## TASK DIRECTIONS
Below this line is a set of entries; quote exactly the lines from the line that contains "From 1970s the" to the line that contains "These two footstools", both lines included.

## MATERIAL SUPPLIED
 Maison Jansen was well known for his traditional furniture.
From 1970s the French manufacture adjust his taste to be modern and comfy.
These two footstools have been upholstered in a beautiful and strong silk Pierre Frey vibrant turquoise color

...

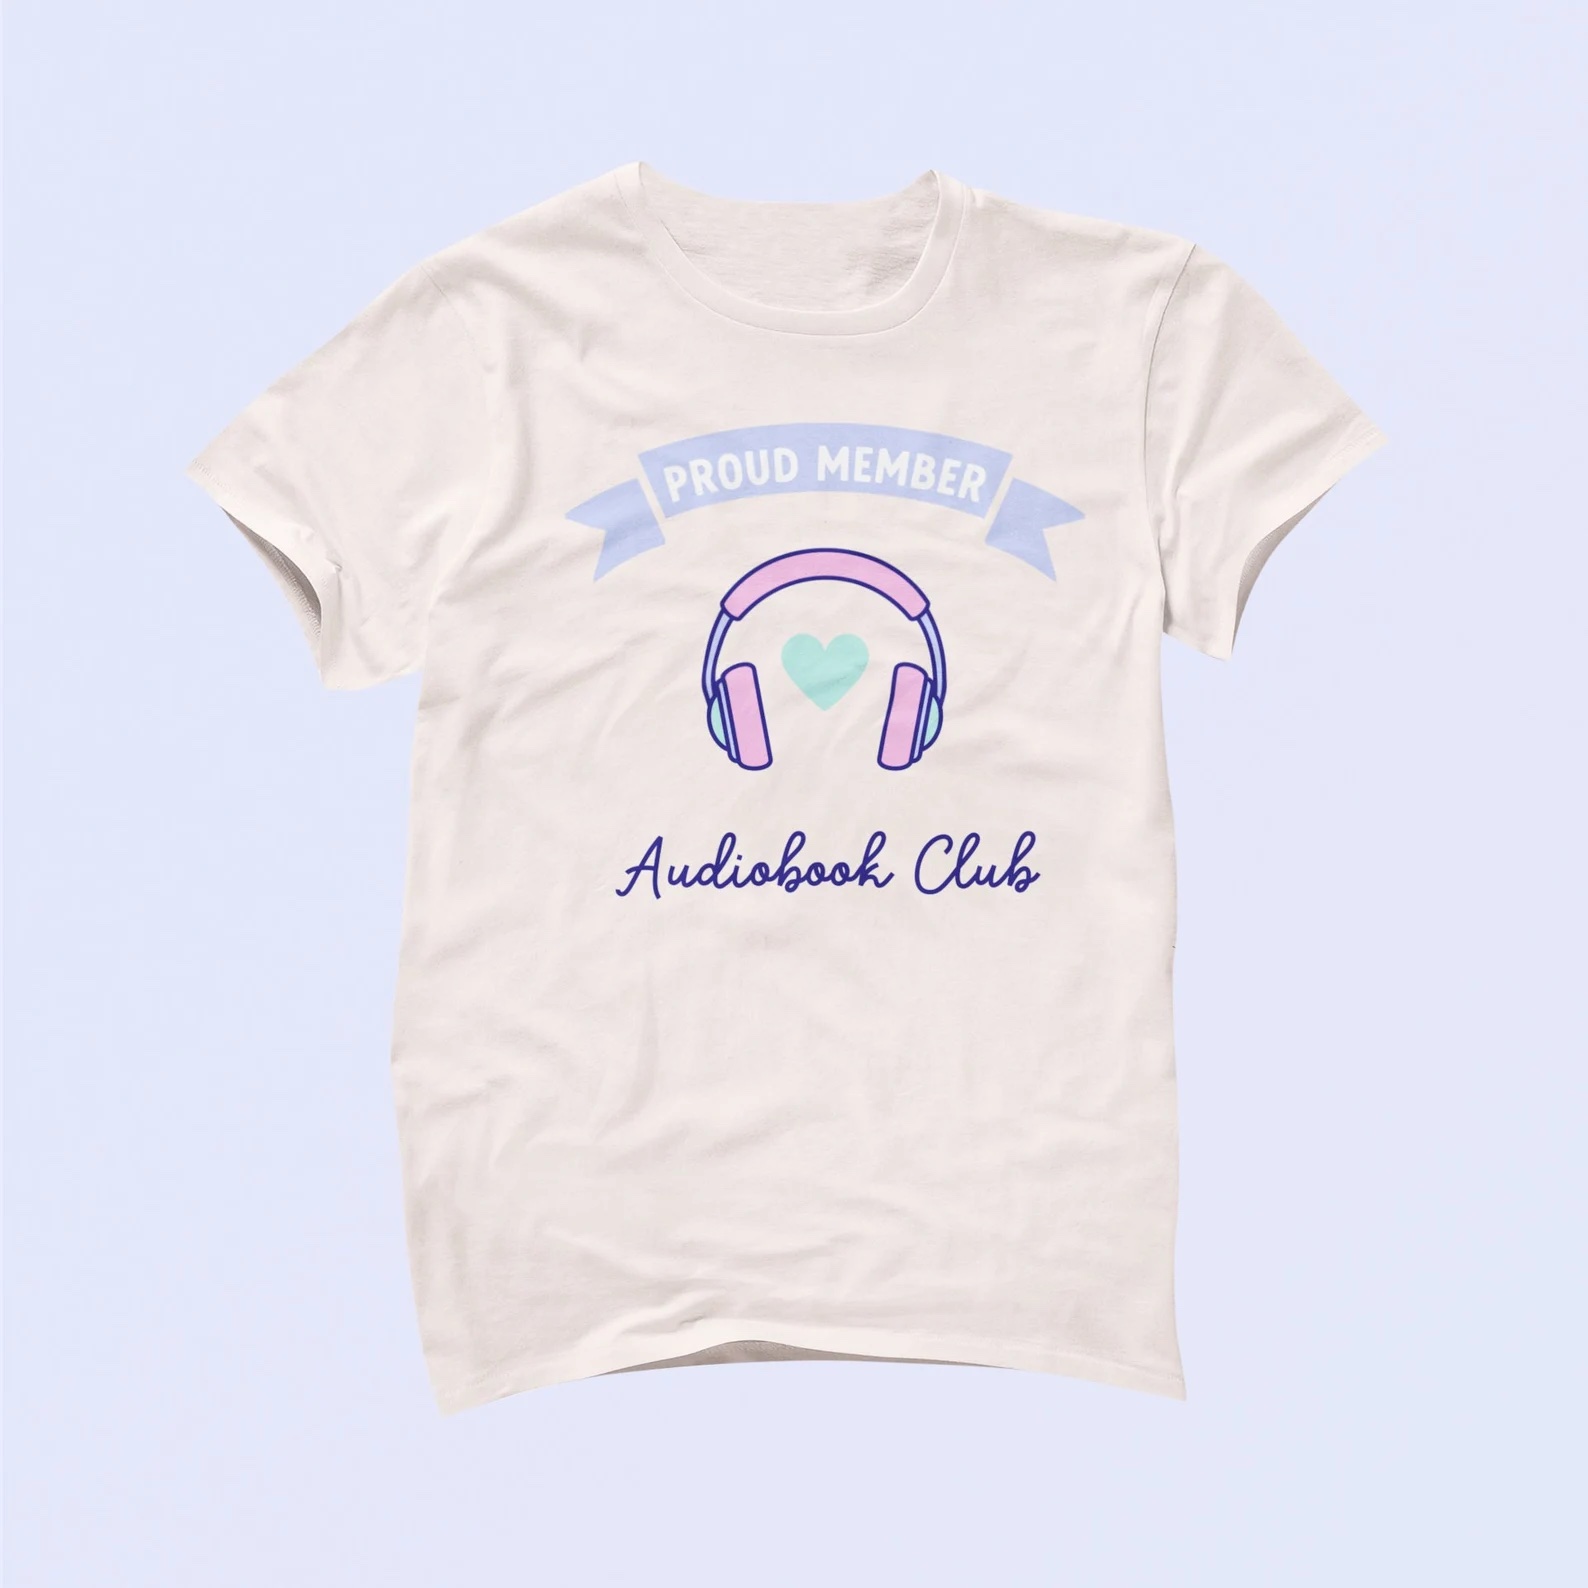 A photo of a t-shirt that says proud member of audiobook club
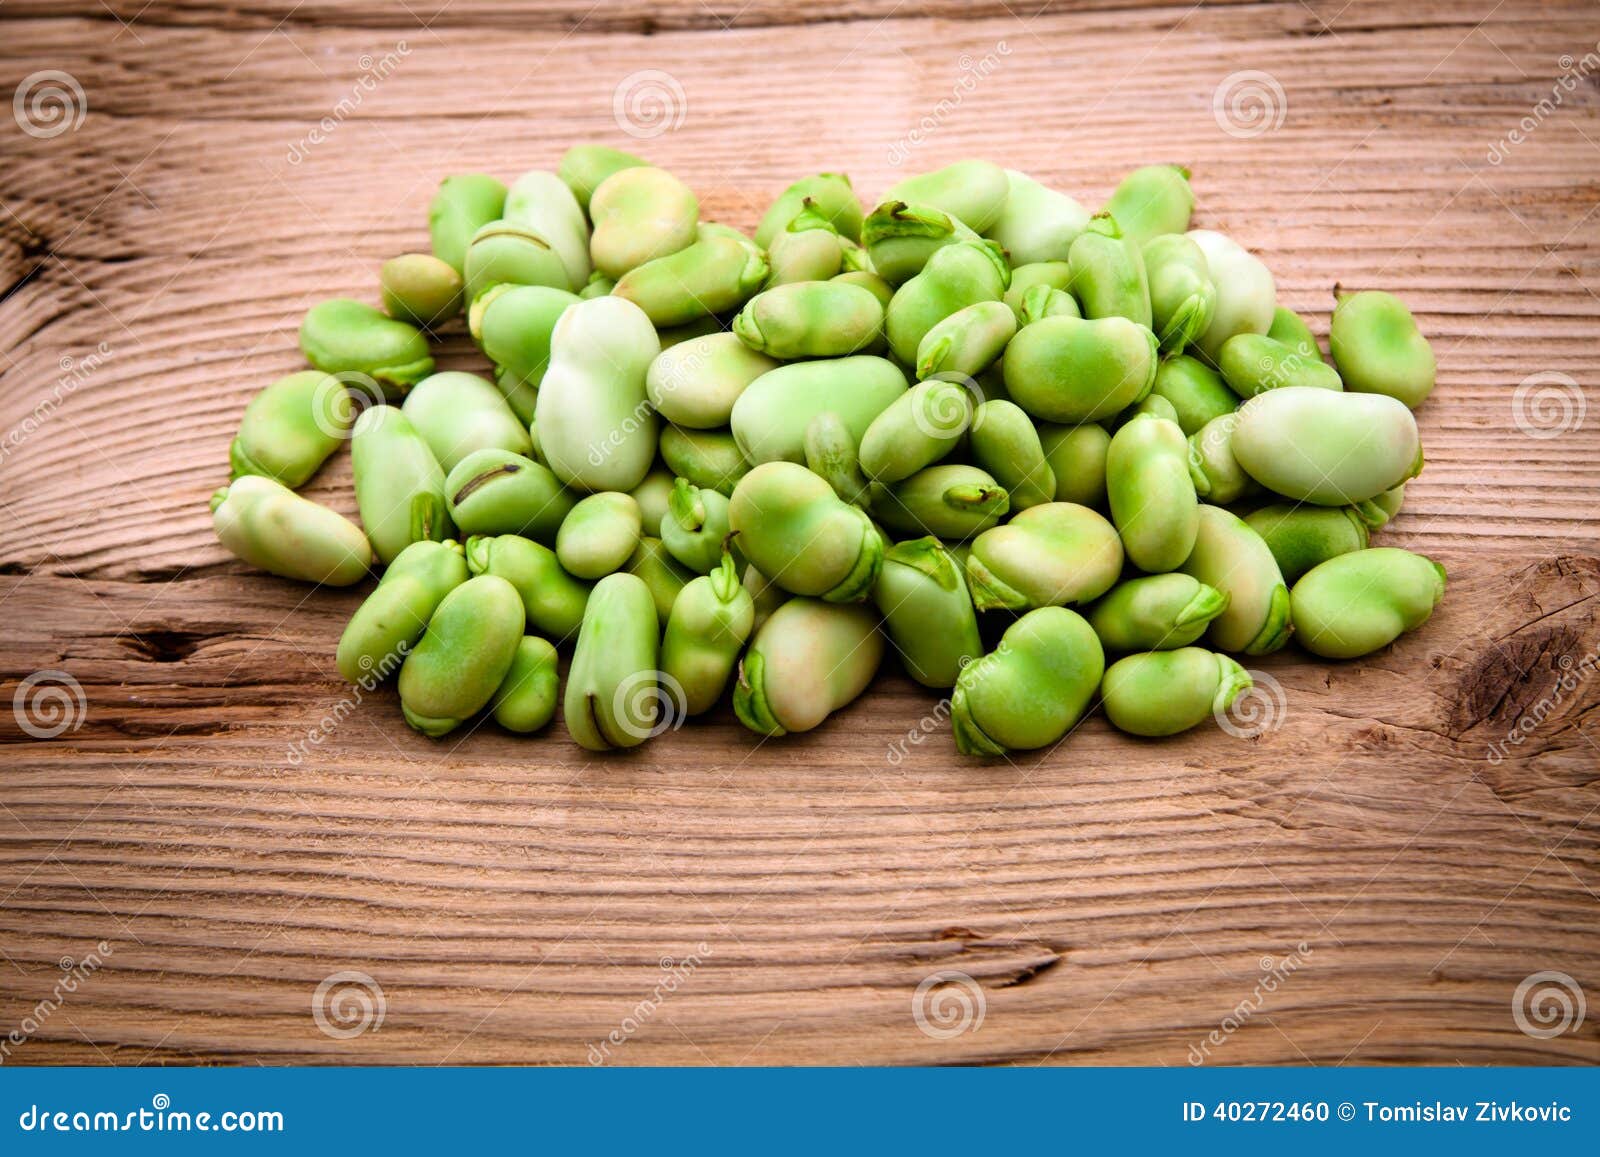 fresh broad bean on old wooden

* * *

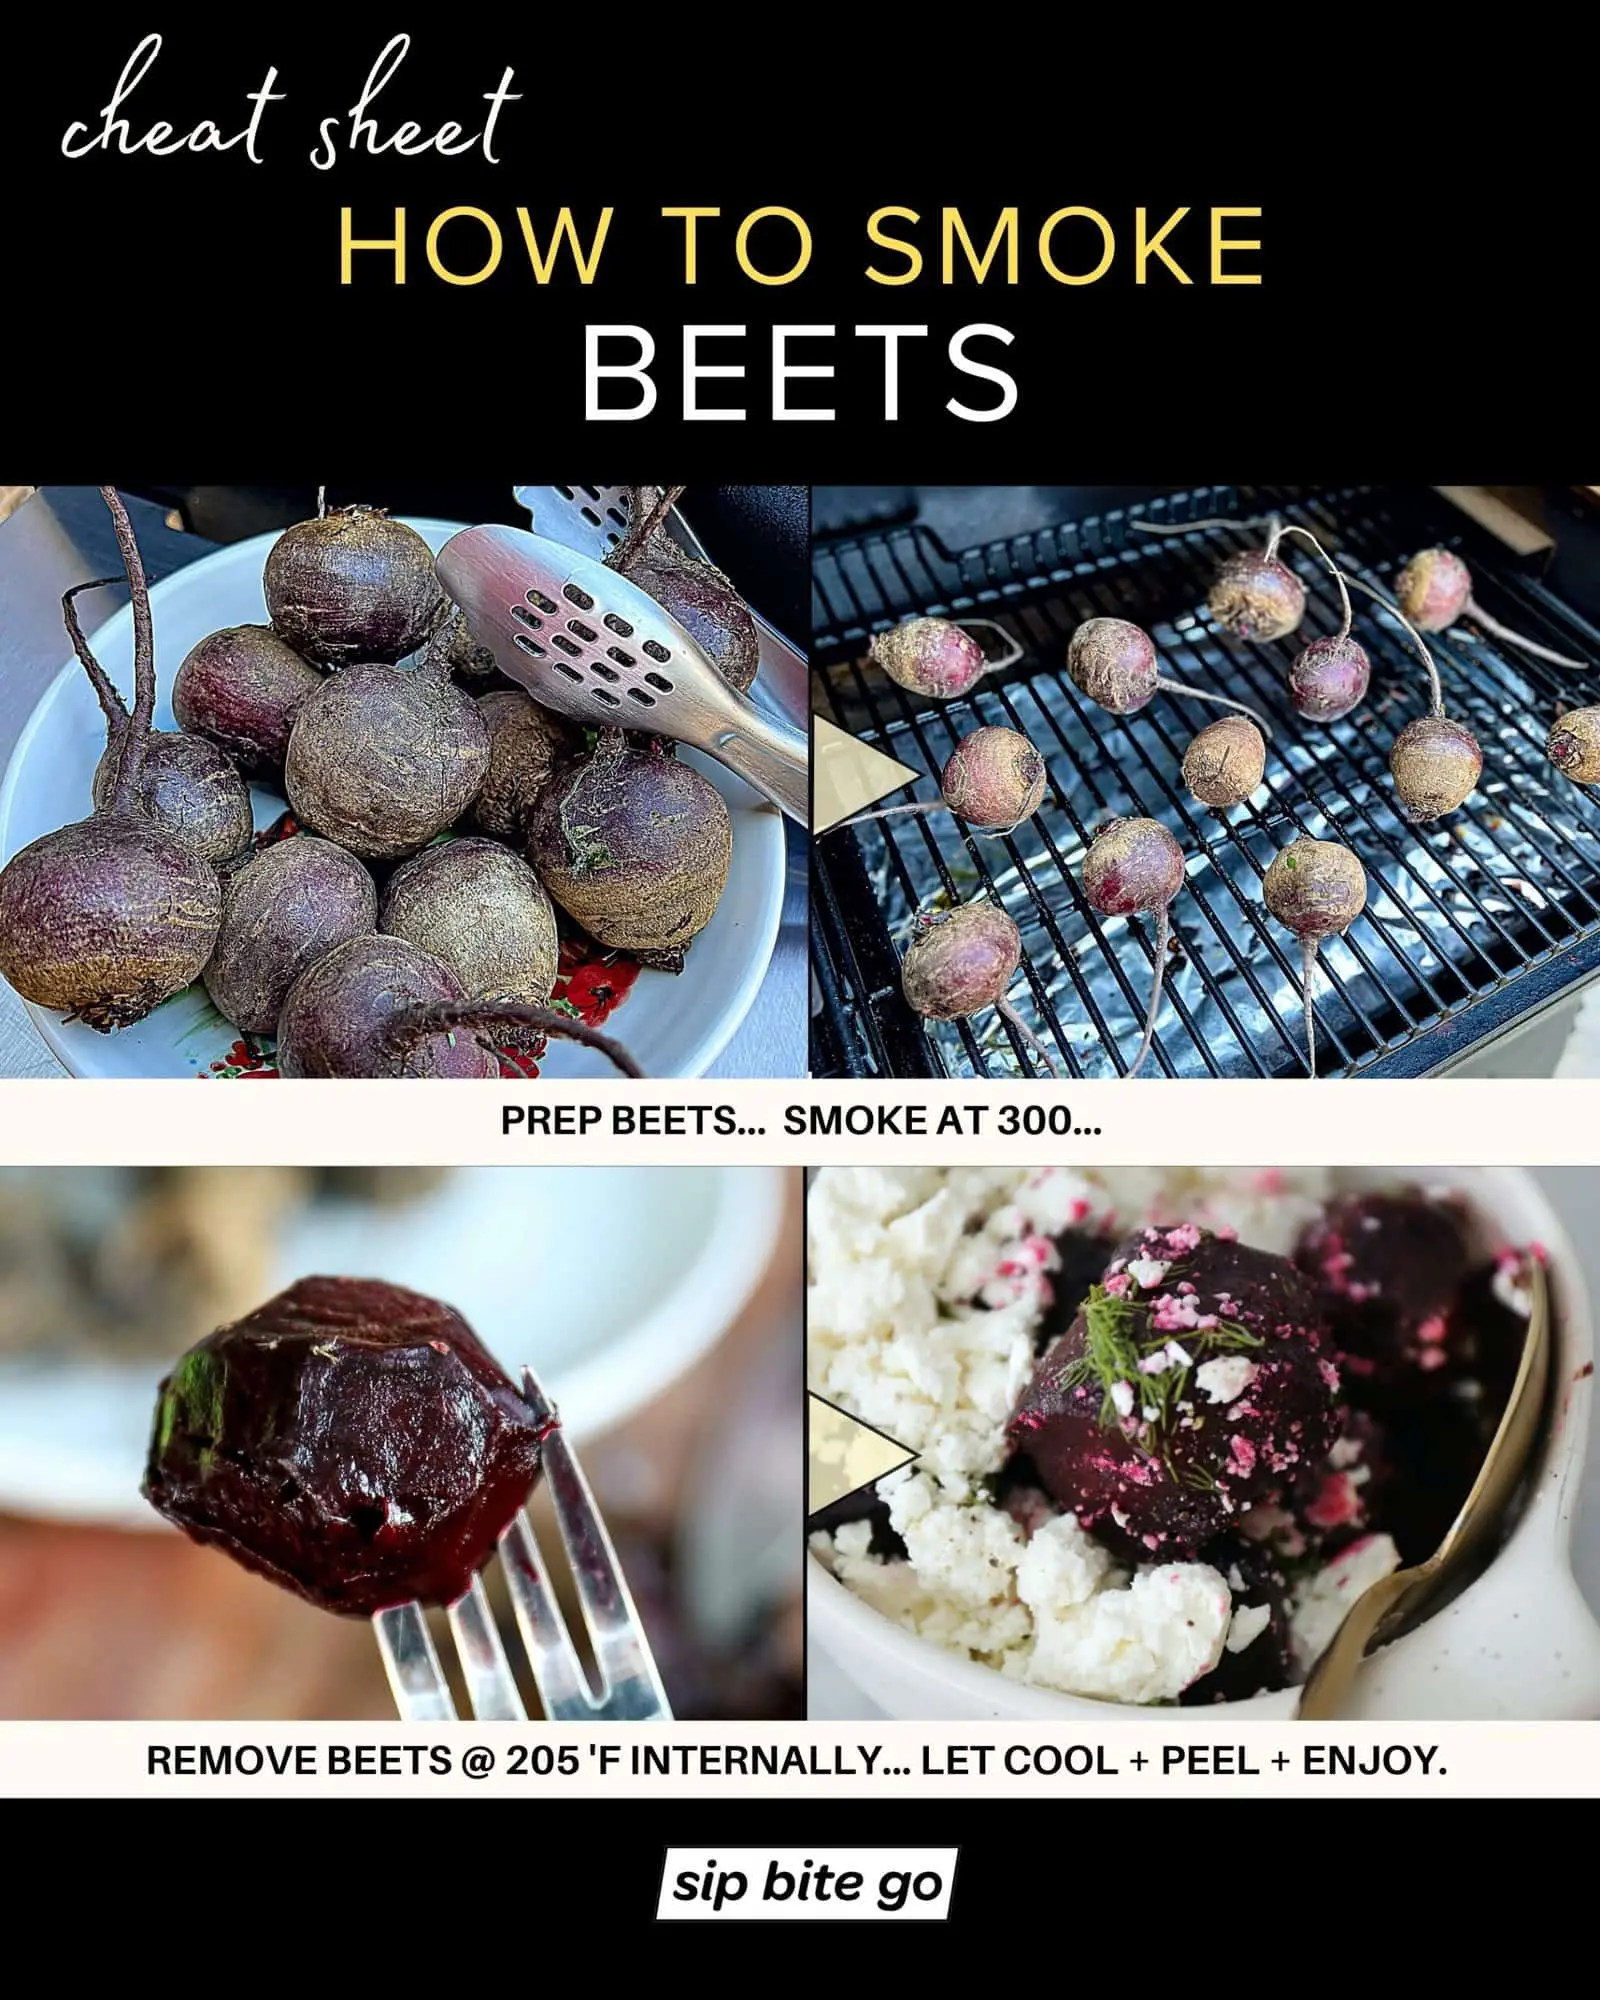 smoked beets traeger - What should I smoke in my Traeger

## EXERCISE ANSWER
From 1970s the French manufacture adjust his taste to be modern and comfy.
These two footstools have been upholstered in a beautiful and strong silk Pierre Frey vibrant turquoise color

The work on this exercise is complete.